We describe a case of a 40-year-old male with a medical history of hypertension, diabetes, and end-stage renal disease who underwent surgery for arteriovenous fistula creation under general anesthesia. He had a reassuring airway and normal cardiac and pulmonary status on physical examination. He underwent an uneventful induction and intubation. His maintenance phase was also uneventful. During his emergence from anesthesia, he was ventilating spontaneously with good tidal volumes. His oropharynx was suctioned and he was extubated after opening his eyes. Following extubation, an oxygen mask was placed and there was no mask fogging noted by the anesthesiologist. In addition, there was no end-tidal CO2 noted on monitors despite a good mask seal. The patient began to desaturate and became increasingly hypertensive and disoriented. Laryngospasm was suspected and an oral airway was placed along with administration of continuous positive airway pressure with minimal improvement using significant effort. Succinylcholine was given to relieve the laryngospasm which improved the ability to bag mask. However, the patient could not maintain oxygen saturation above 90% without significant assistance so the decision was made to reintubate. Upon reintubation, there was noted to be significant airway secretions that took considerable time to suction. The endotracheal tube (ETT) was passed and frothy pink secretions were noted to be filling the ETT requiring suctioning. The patient had secretions suctioned and was transported to the intensive care unit intubated for further management. The patient's chest X-ray demonstrated diffuse pulmonary infiltrates and pulmonary edema. He was managed with lung protective ventilation with PEEP, supplemental oxygen, and diuretics. He was extubated on postoperative day 3 without complications.

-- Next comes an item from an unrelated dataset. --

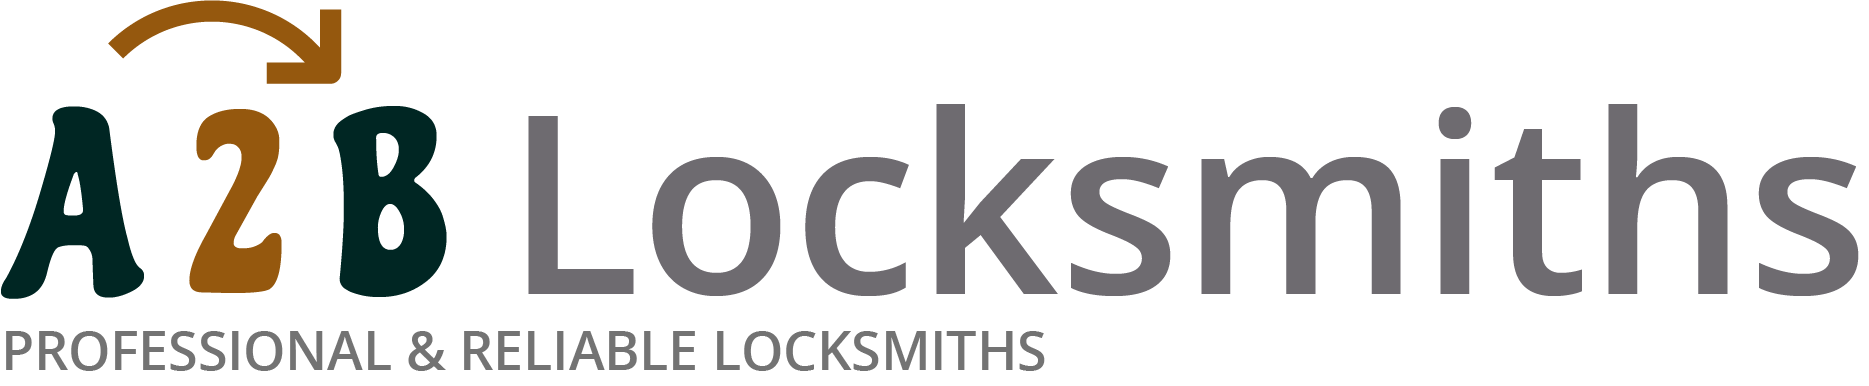 If you are locked out of house in Ascot, our 24/7 local emergency locksmith services can help you.

There are no specific interventions proven to prevent NPPE, but avoiding laryngeal irritation is likely to reduce the occurrence by preventing laryngospasm. With prompt diagnosis and treatment, NPPE may resolve within 24–48 h.[5] When diagnosis is delayed, these complications may be fatal. It is crucial for the anesthesiologist suspect this condition if patients suffer from an event of airway obstruction on extubation. If NPPE is suspected, the airway should be secured through ETT, supplemental oxygen should be administered, and positive pressure support should be given to enhance oxygenation. Low tidal volume ventilation is recommended. More aggressive rescue therapies for refractory hypoxemia include neuromuscular blockade, prone positioning, and extracorporeal membrane oxygenation.
Declaration of patient consent
The authors certify that they have obtained all appropriate patient consent forms. There is no identifying information used in this article.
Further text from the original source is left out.